Despite pressure, brick-and-mortar retail stores will persevere

In Opinion
A photo of the parking lot filled with cars at the Brea Mall. It's sunset, shadows are long, and a Macy's is in the background.
(Photo Illustration by Riley McDougall)

For the past few years, many people have been predicting the end of brick-and-mortar retail stores. After Amazon briefly hit the $1 trillion market value last month, it would seem they might be right.

Things may not appear to be going well for traditional retailers, but there is evidence that these difficulties are a sign of transformation rather than an end. Despite the popular assumption that they are disappearing, brick-and-mortar stores will continue to be competitive with online retailers by offering customers convenience and low prices.

Online and traditional retailers are competing on every possible front. Take the world’s largest online retailer, Amazon, and compare it with one of the world’s largest brick-and-mortar retailers, Walmart. Amazon’s value is impressive — $921.66 billion, while Walmart pales in comparison at $273.28 billion.

But this doesn’t tell the whole story. Despite the higher market cap, sales for Amazon were about $177.87 billion worldwide in 2017, according to Amazon’s 2017 annual report. Meanwhile Walmart made about $500.3 billion in revenue over their fiscal year 2018, according to their annual report.

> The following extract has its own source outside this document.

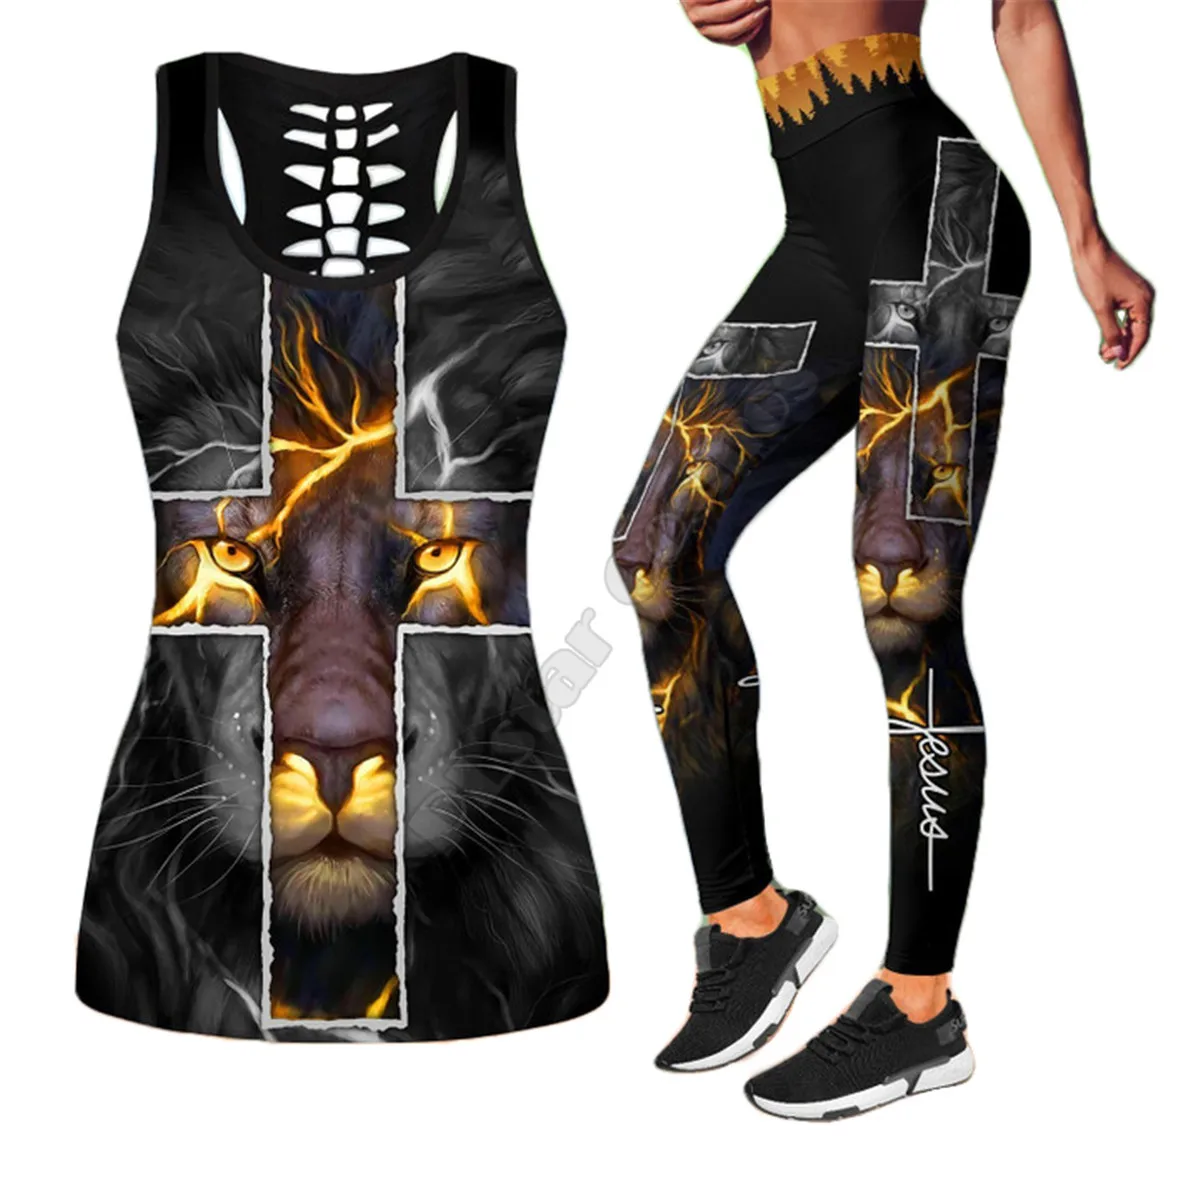 

Майка с 3D принтом Иисуса льва + леггинсы комбинированная одежда для йоги и фитнеса мягкие леггинсы летние женские для девочек

The reports also show that Walmart serves about 270 million customers each week and Amazon just hit over 100 million Prime users this year.

The advantage of grocery stores, convenience stores, big-box retailers and discount dollar stores is the sense of immediacy they offer compared to online shopping. If someone runs out of milk at home, the person doesn’t buy milk online and wait for a delivery. The individual may instead make their way to a local shop to purchase milk. People also value the ability to see what they are purchasing, so sentiment is on the side of brick-and-mortar shops.

Walmart became the big-box retailer it is today by selling goods at its several locations with huge discounts. It can afford to offer these discounts because it constantly pushes suppliers to cut prices. It also has a very efficient grocery business, which Amazon only recently entered into when it bought Whole Foods.

In that regard, Amazon actually seems to be in the process of turning itself into a more traditional brick-and-mortar retailer. It has a physical retail presence in 23 districts in the United States. The company also fully owns Whole Foods, which gives Amazon access to Whole Foods’ distributors. Amazon also plans to launch 3,000 cashier-less, cashless Amazon Go grocery stores by 2021. Obviously Amazon sees physical locations as part of it’s long-term retail strategy.

Brick-and-mortar stores adapt to become more competitive and consumers benefit from it. For example, many stores will price match to online prices. Even the Titan Bookstore will price match textbooks so students can get their books at a low price and at the last minute.

Online retail is growing quickly, and has been outperforming traditional stores. However, online stores have shown that they are not going to replace traditional retailers anytime soon and Amazon’s entry into the brick-and-mortar market guarantees that.